Method of predicting spontaneous onset of pregnancy in women with i and ii stage of external genital endometriosis

FIELD: medicine.

SUBSTANCE: invention relates to medicine, namely to a method of predicting spontaneous onset of pregnancy in women with I and II stage of external genital endometriosis. The essence of the invention consists in the fact that before treatment in peripheral blood of women with infertility, associated with I and II stage of external genital endometriosis determined is a relative quantity of IL- IL-1β + monocytes, and if the value of the said index is 50.0% and higher in the monocytic gate the spontaneous onset of pregnancy within a year after carrying out the surgical treatment of endometriosis is predicted.

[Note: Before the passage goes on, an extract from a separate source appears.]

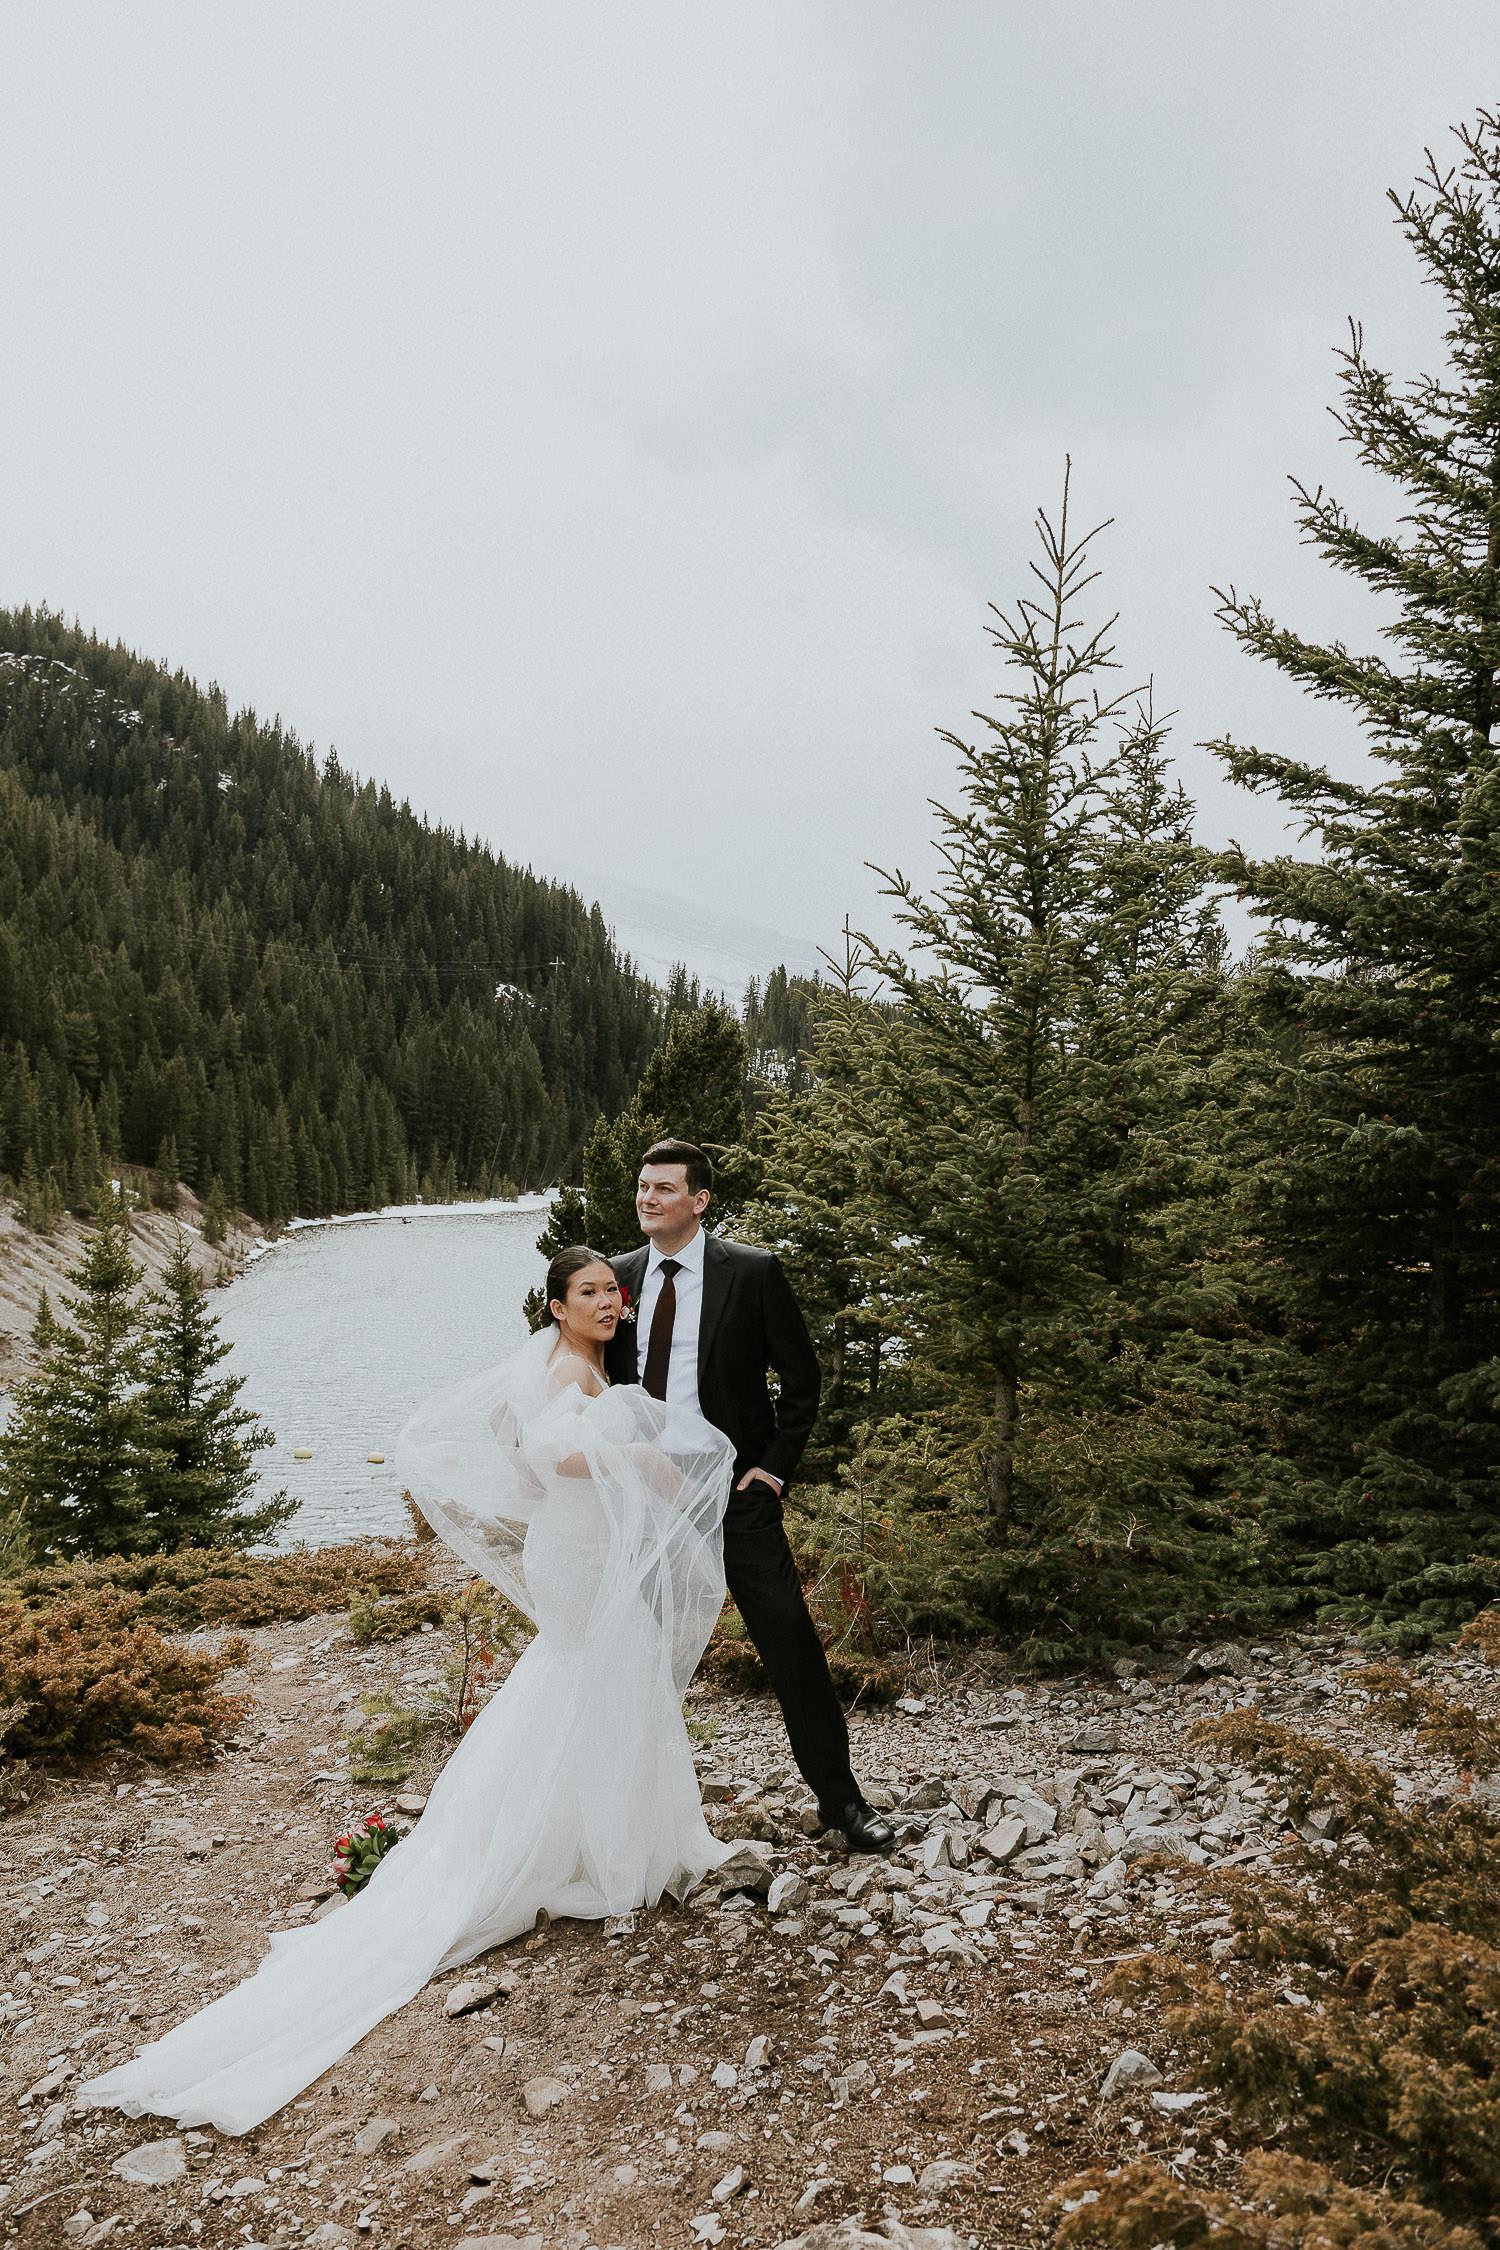 intimate-wedding-at-banff-springs-hotel-sarah-pukin-0138

EFFECT: application of the claimed method makes it possible to predict with high accuracy the spontaneous onset of pregnancy in the women with infertility in case of I and II stage of external genital endometriosis within a year after therapeutic laparoscopy, which makes it possible to select optimal tactics of the patients' management and estimate the necessity of administering them methods of assisted reproductive technologies.

1 tbl, 3 ex

 

The invention relates to medicine, namely to gynecology, and can be used to predict spontaneous pregnancy in one year in women with stages I and II of external genital endometriosis after surgical treatment of infertility.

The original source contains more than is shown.